A technical performance measure is a formal, mathematical approach to forecasting and production management. Managers use a technical performance measure to gauge productivity, risks, constraints, accuracy, and technical benchmarks. It may be applied on an individual project basis, or used to measure an ongoing production system. A technical performance measure may also be referred to as a business performance measure.
Anything that contributes to the productive work, such as a person, an expertise, or a piece of equipment, is considered a resource. These elements are allocated and scheduled to achieve the synchronization of resources along a production or product development timeline. This is called leveling, because in the optimally efficient arrangement, each resource is level in conjunction with the other resources according to start and finish dates on a bar chart.
Resource load charts visually illustrate a technical performance measure along a timeline, illustrating which tasks are dependent upon others in order for the work to be completed properly. Tasks that have dependencies upon other tasks are often detailed in a Gantt chart, which uses horizontal lines to illustrate those dependencies. Pinning down variables and adjusting production to constraints are both part of a technical performance assessment.
A technical performance measure may involve a multivariate or combinatorial analysis. Both measurements assess the impact of multiple variables in a production scheme. Combinatorial considers the dynamics of groups of people and processes interacting in an endeavor. A Multivariate analysis looks at each variable individually.
A company plans to design a prototype, and then to take that prototype into mass production. A design engineer may work as part of a team that would include a product designer, a researcher, and a quality control manager. This is an illustration of how technical performance measures might operate in a work setting.
At various stages of the process, an aspect of the designer's work would be dependent upon the researcher, and the quality control manager's work would be dependent upon the designer. A Gantt chart may show that one member of the dependent threesome on average is idle 20 percent of the time while waiting on another team member to complete a task. By applying statistical analysis to the dependencies, a manager can make adjustments and level the workload or scheduling to eliminate idle time.

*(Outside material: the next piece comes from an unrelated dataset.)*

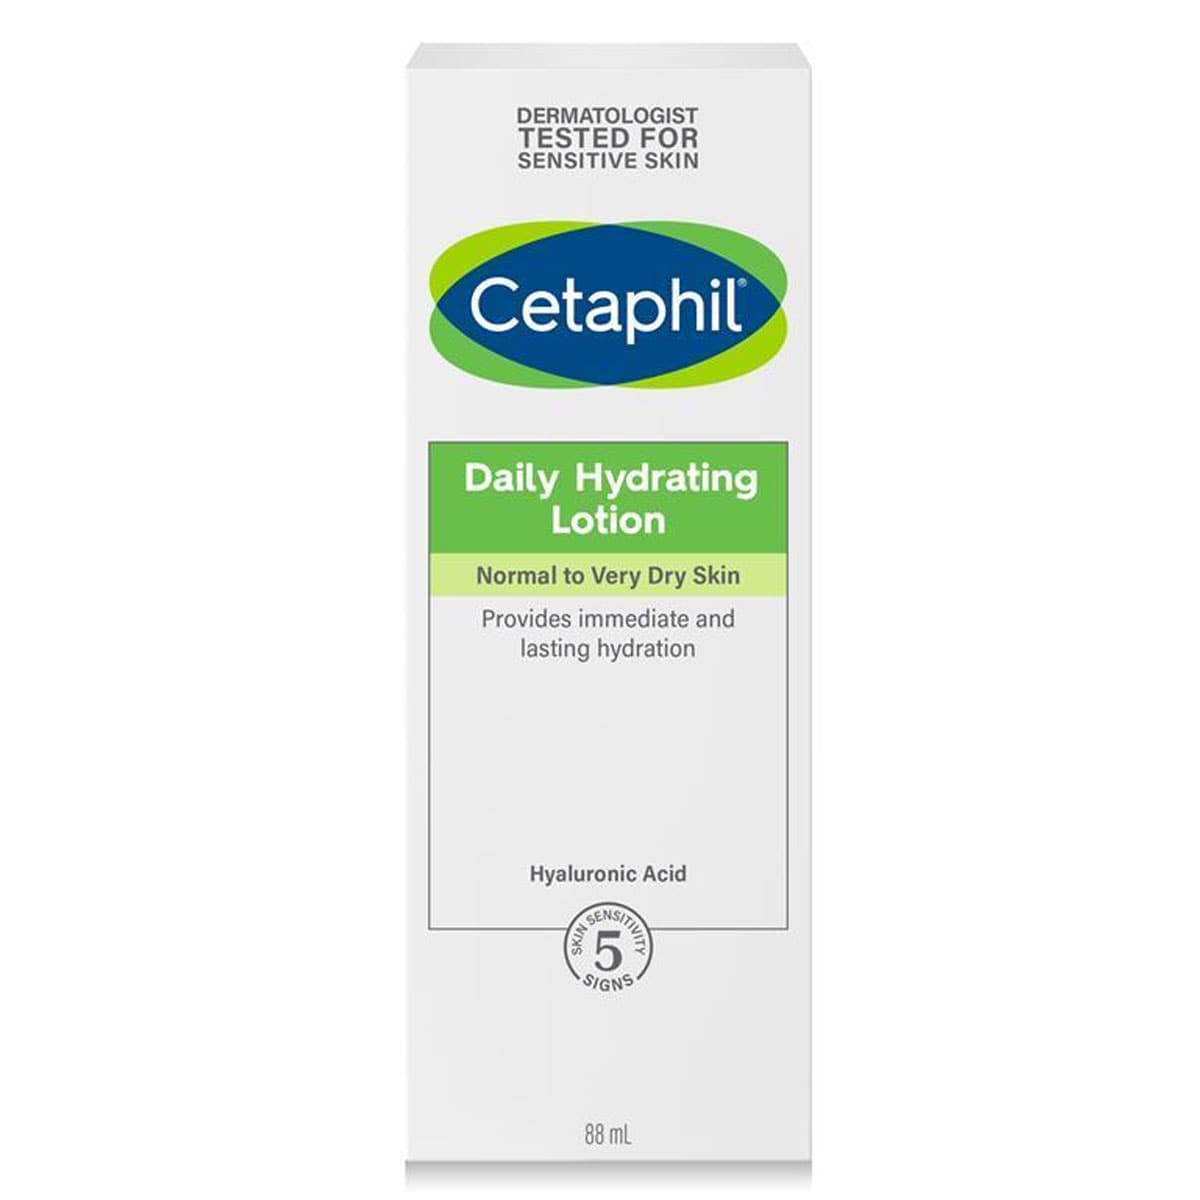 Cetaphil Daily Hydrating Facial Lotion with Hyaluronic Acid 88ml
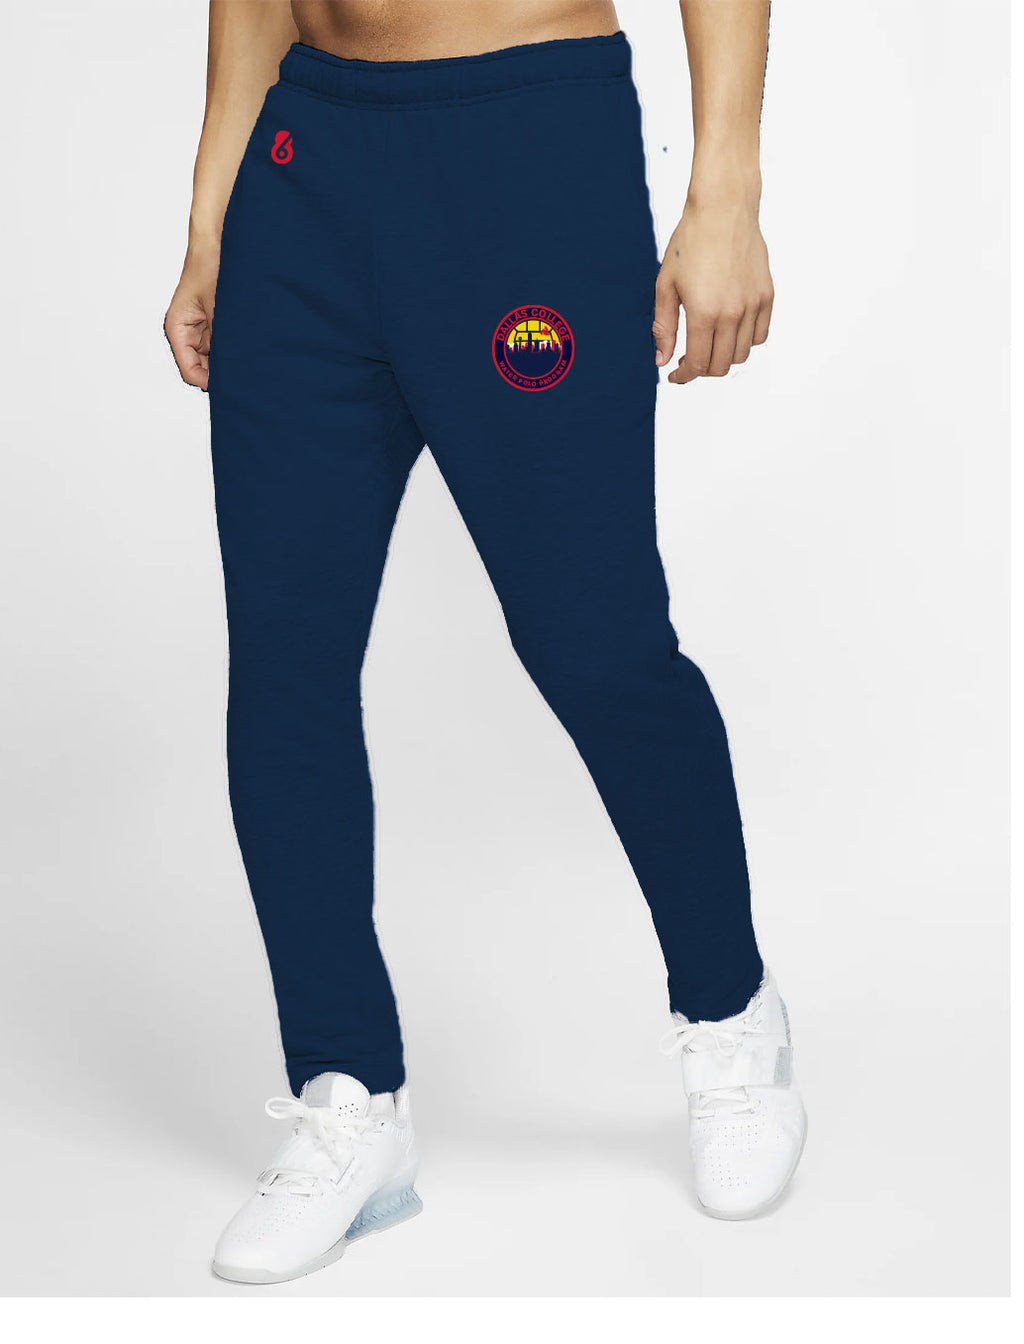 Dallas College Water Polo Program Navy Track Pant

When changes occur in product design, personnel, or equipment due to constraints, a technical performance measure would look at the risk the change creates. In a technical performance measuring system, costs, productivity and scheduling are assigned a measure of weight that corresponds to how many resources those factors respectively consume. In order to optimize technical performance, a manager would assign weight to each factor. Combinatorial, or multivariate measures can then be used to reassign more or less weight to each factor in the process.